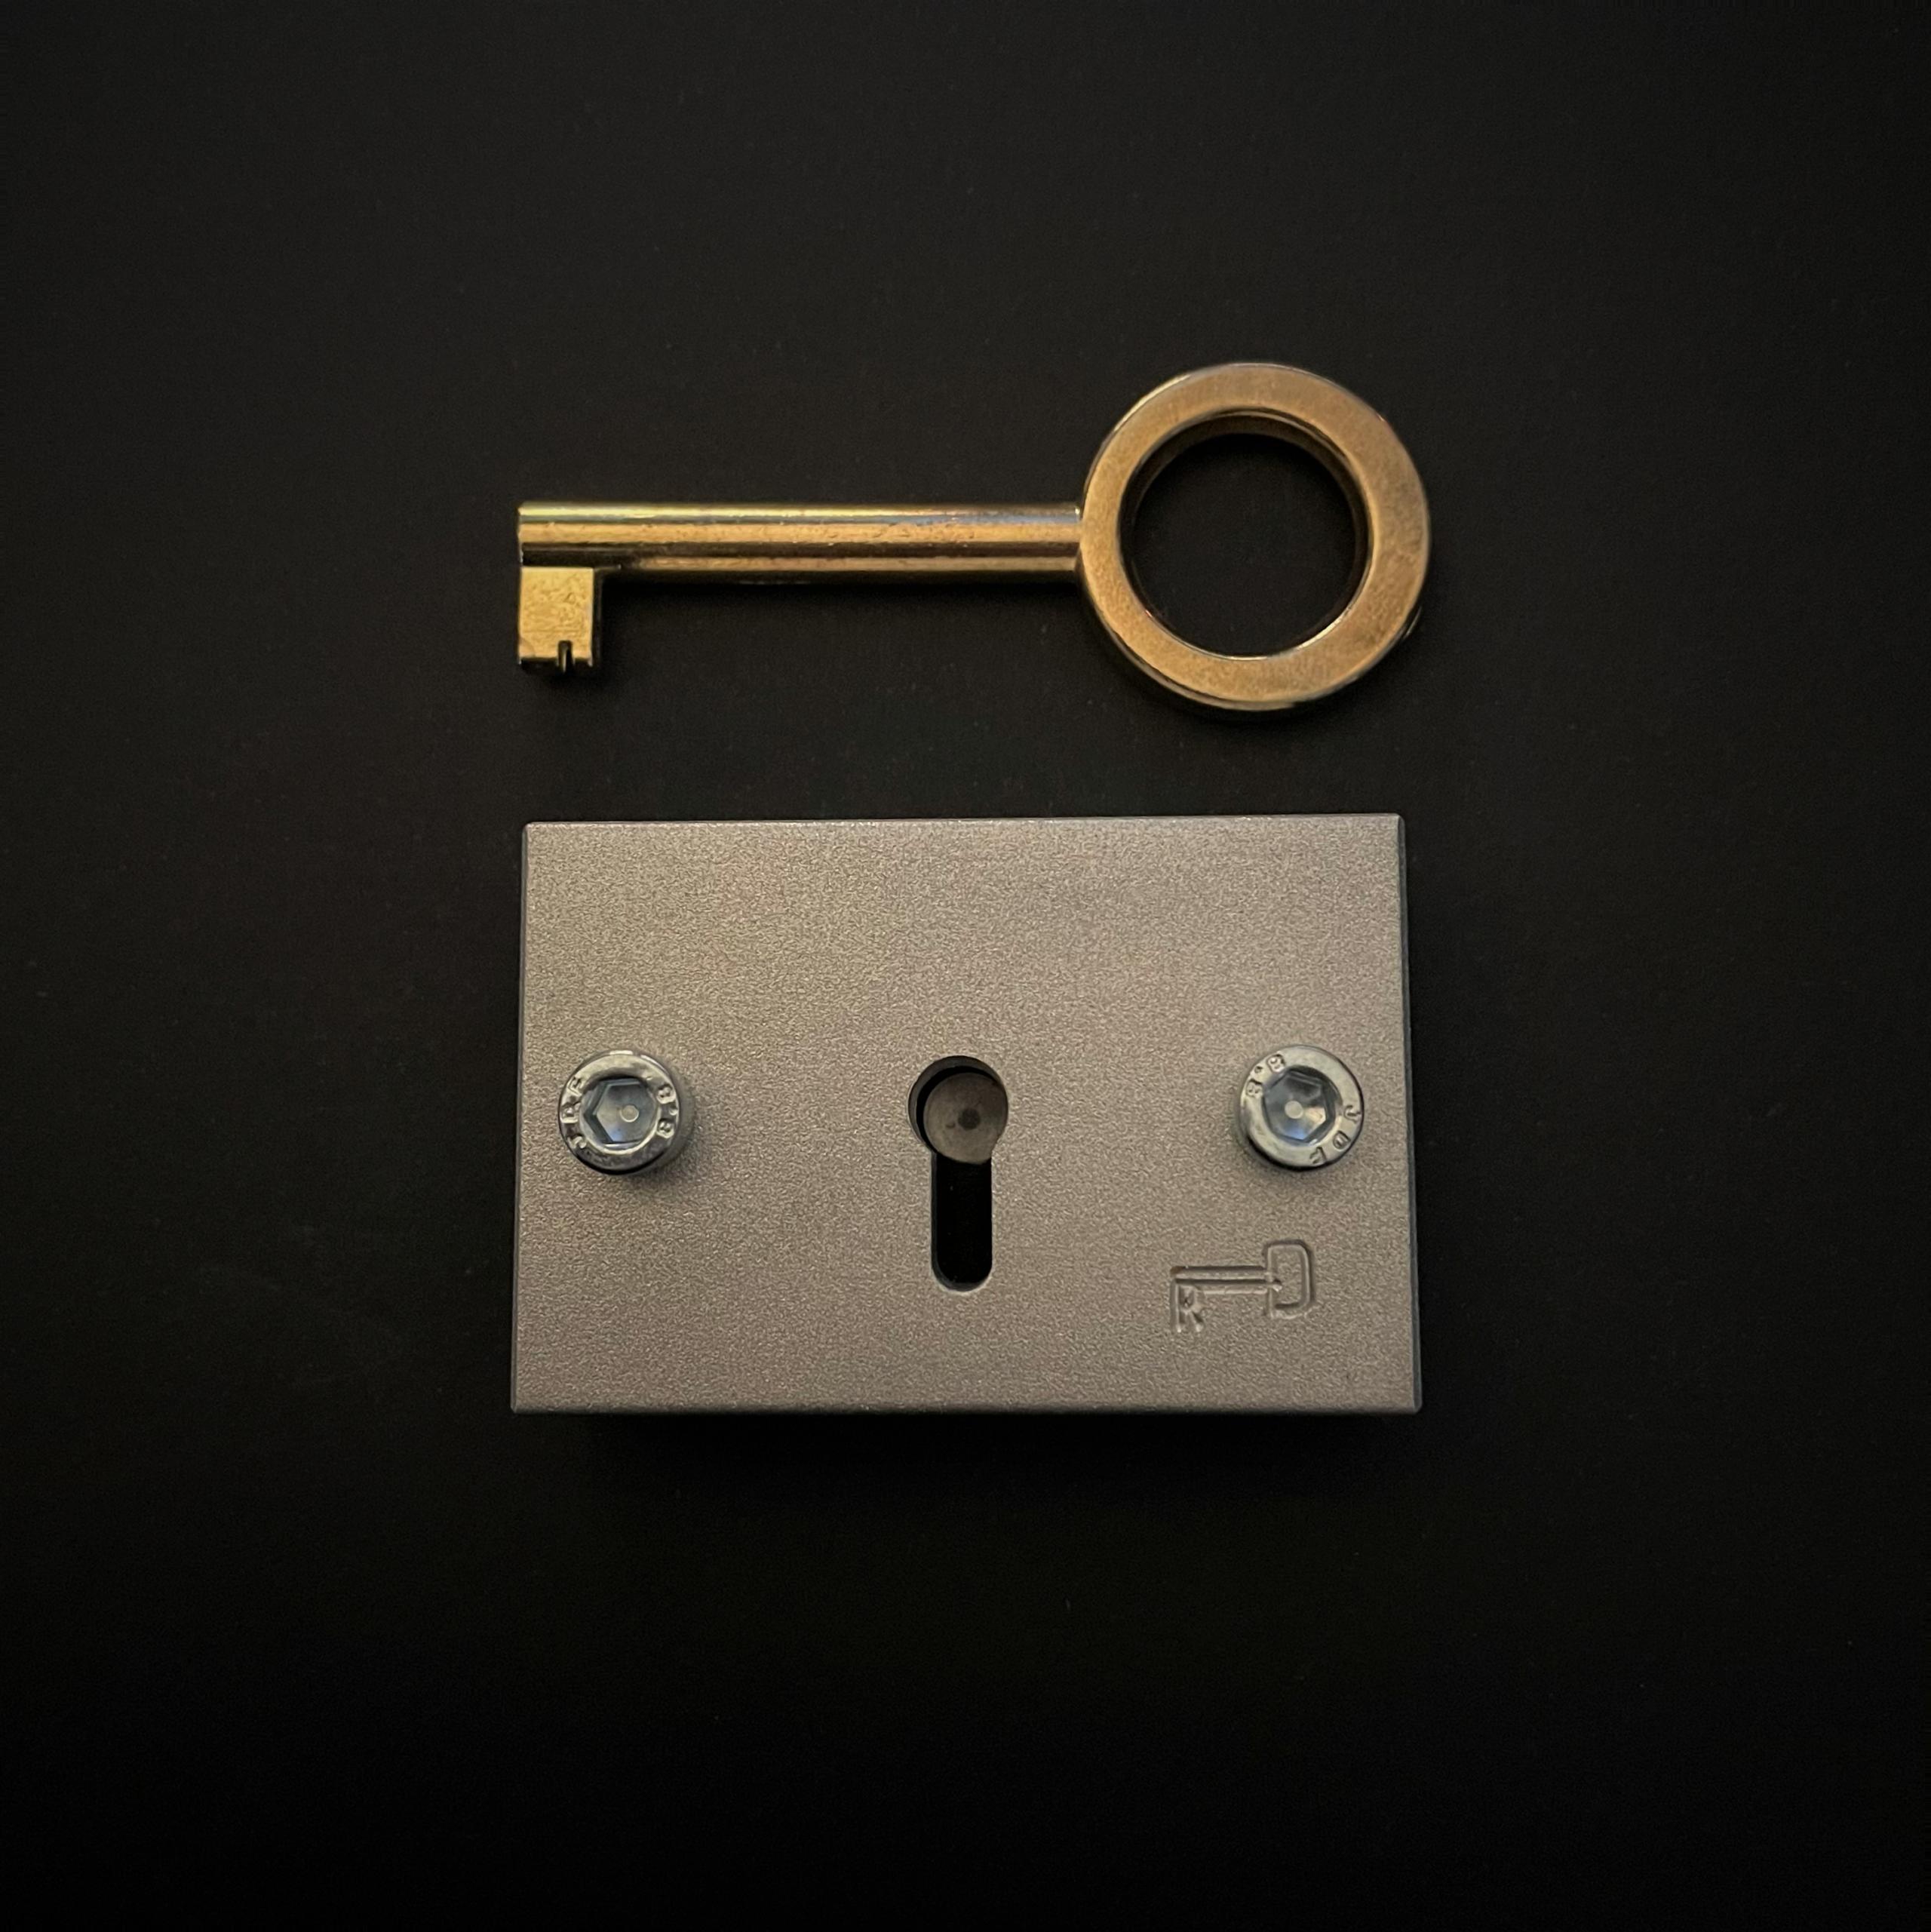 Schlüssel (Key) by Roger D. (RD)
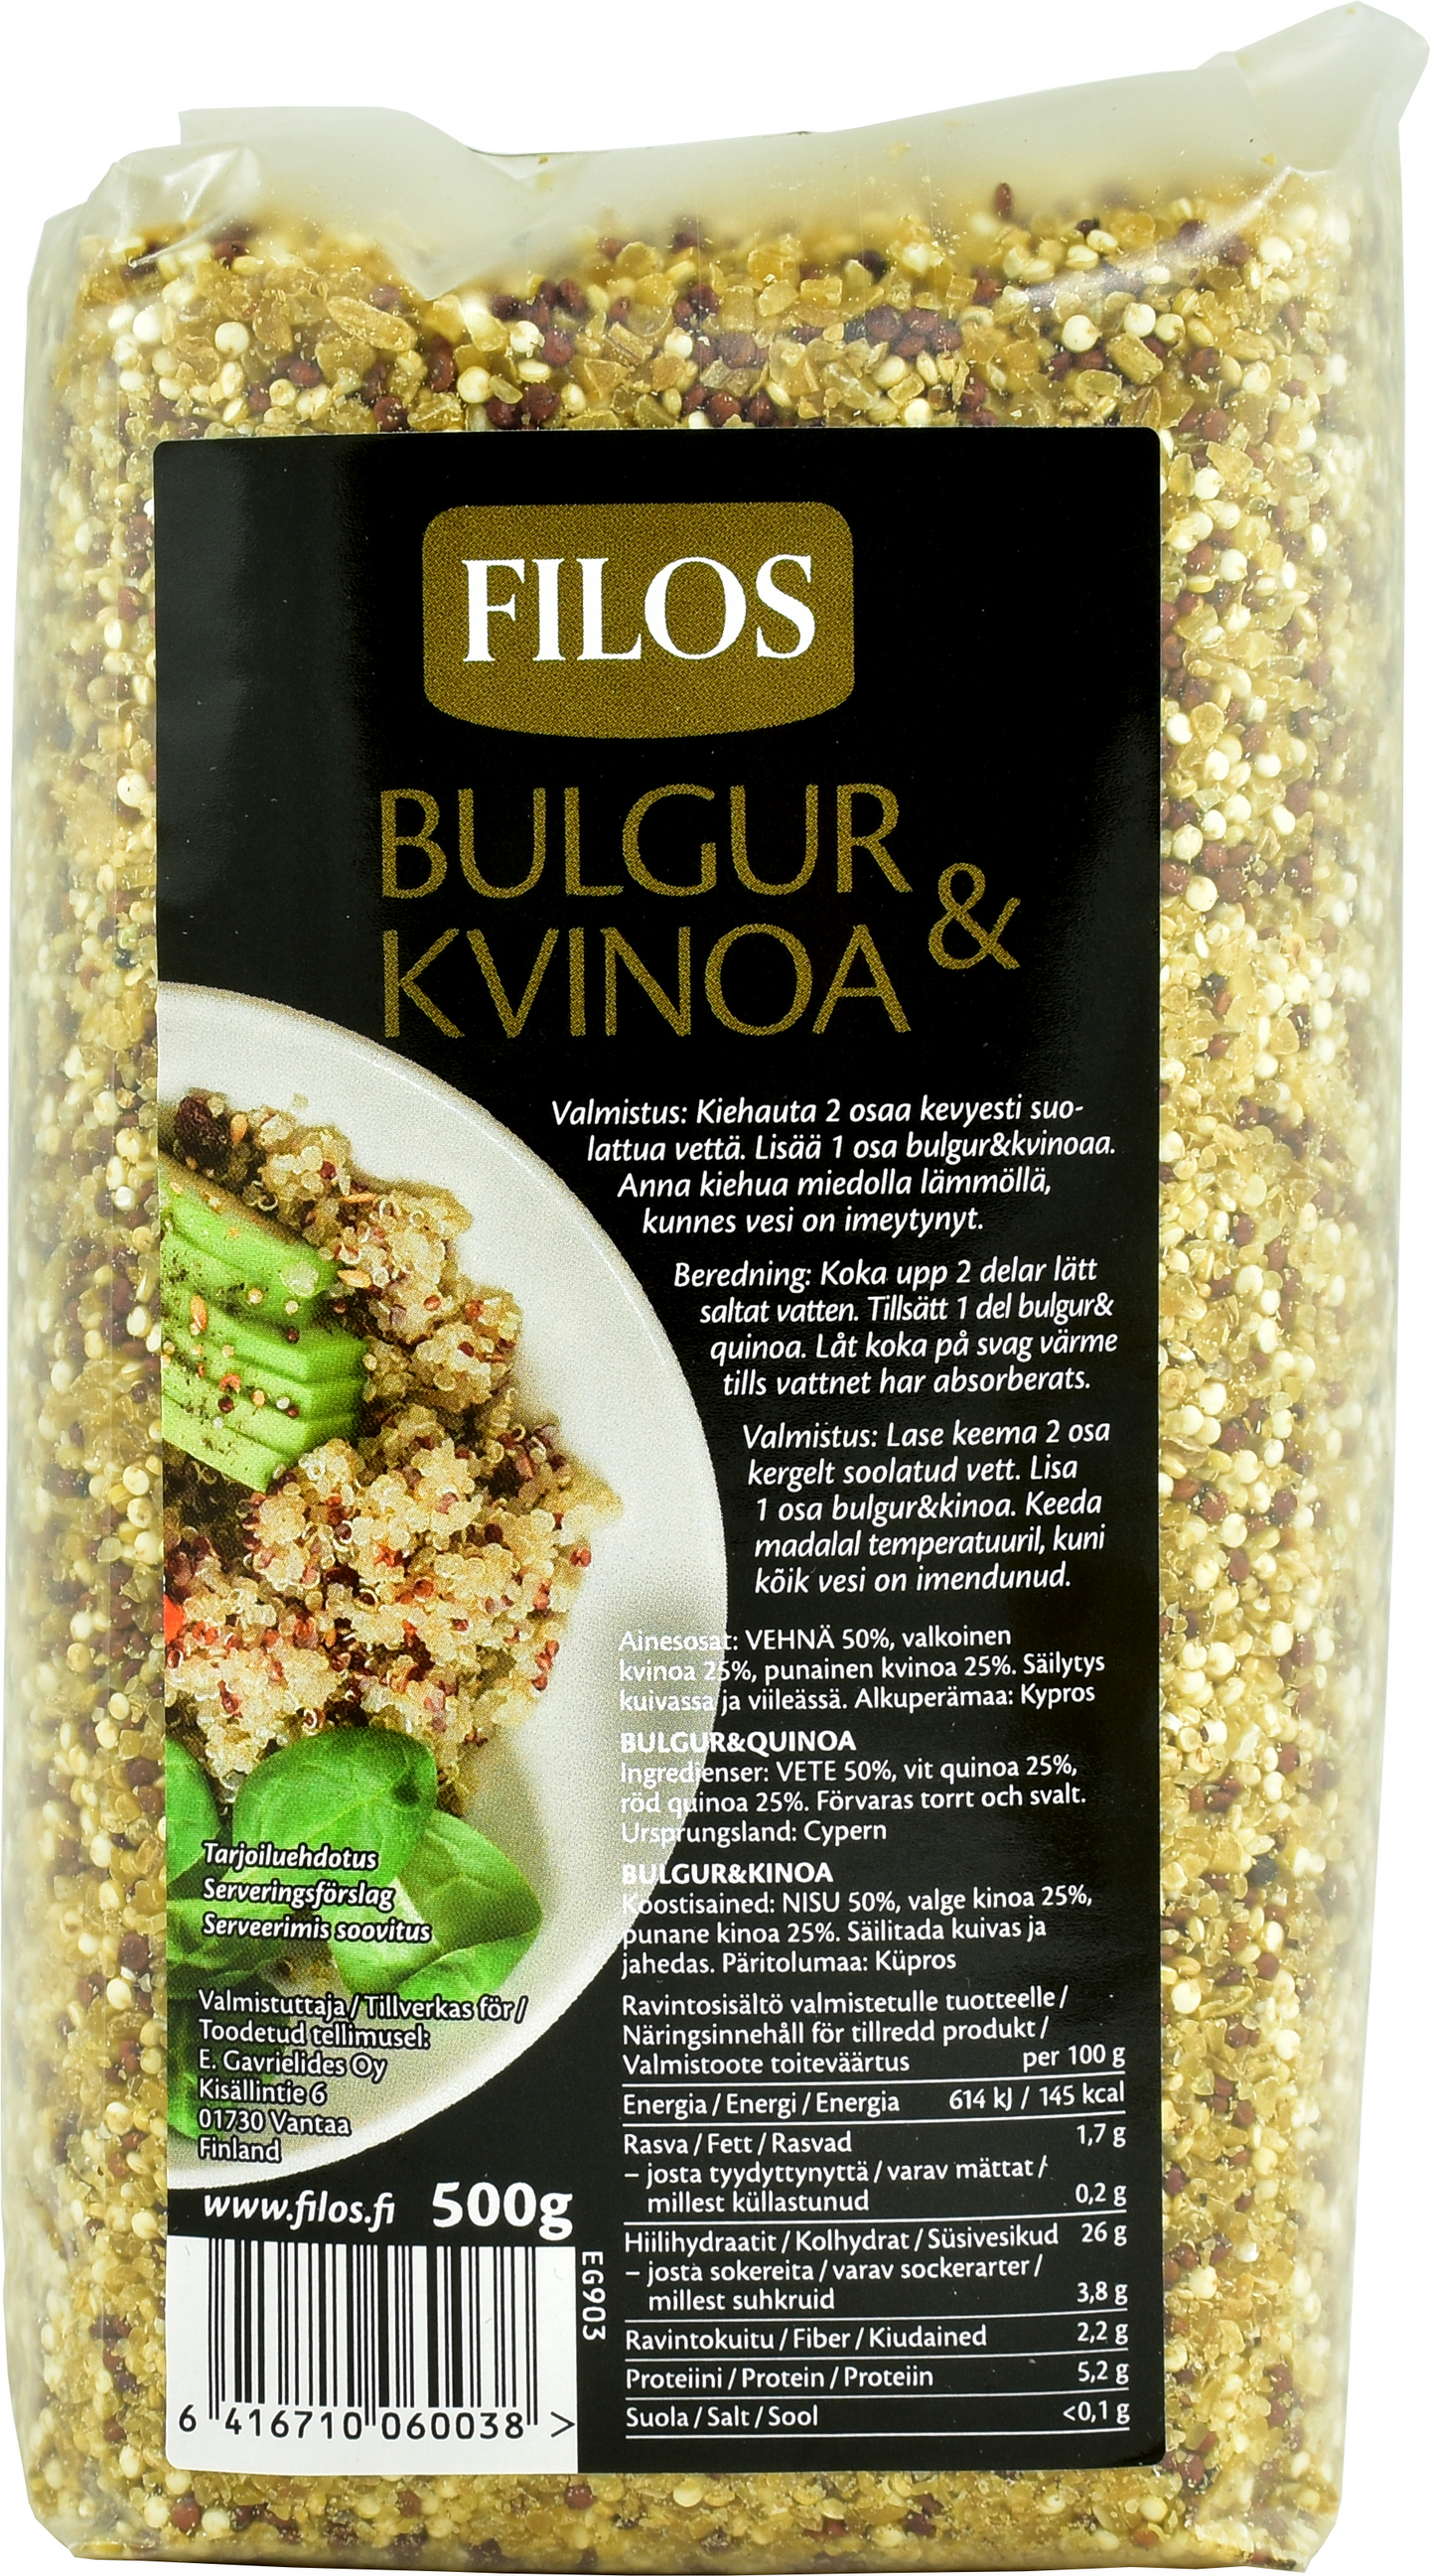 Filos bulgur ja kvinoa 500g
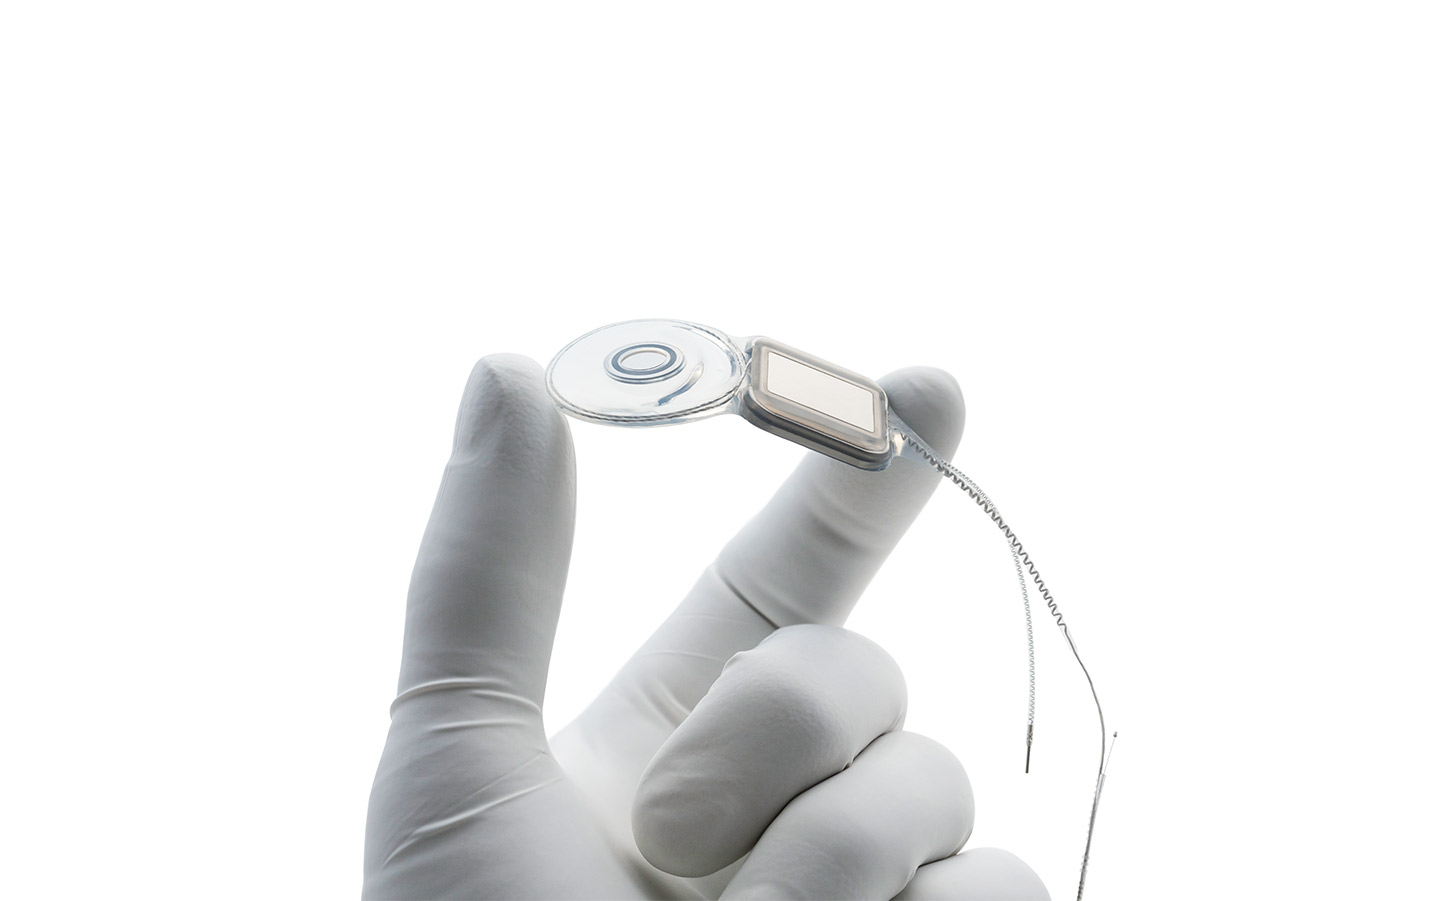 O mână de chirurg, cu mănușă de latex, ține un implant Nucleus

━━━━━━━━━━━━━━━━━━━━

__Task to carry out__. Without including any picture, reproduce the material above word for word.

__Answer box__.
 Schlüssel (Key) by Roger D. (RD)
 Filos bulgur ja kvinoa 500g
 O mână de chirurg, cu mănușă de latex, ține un implant Nucleus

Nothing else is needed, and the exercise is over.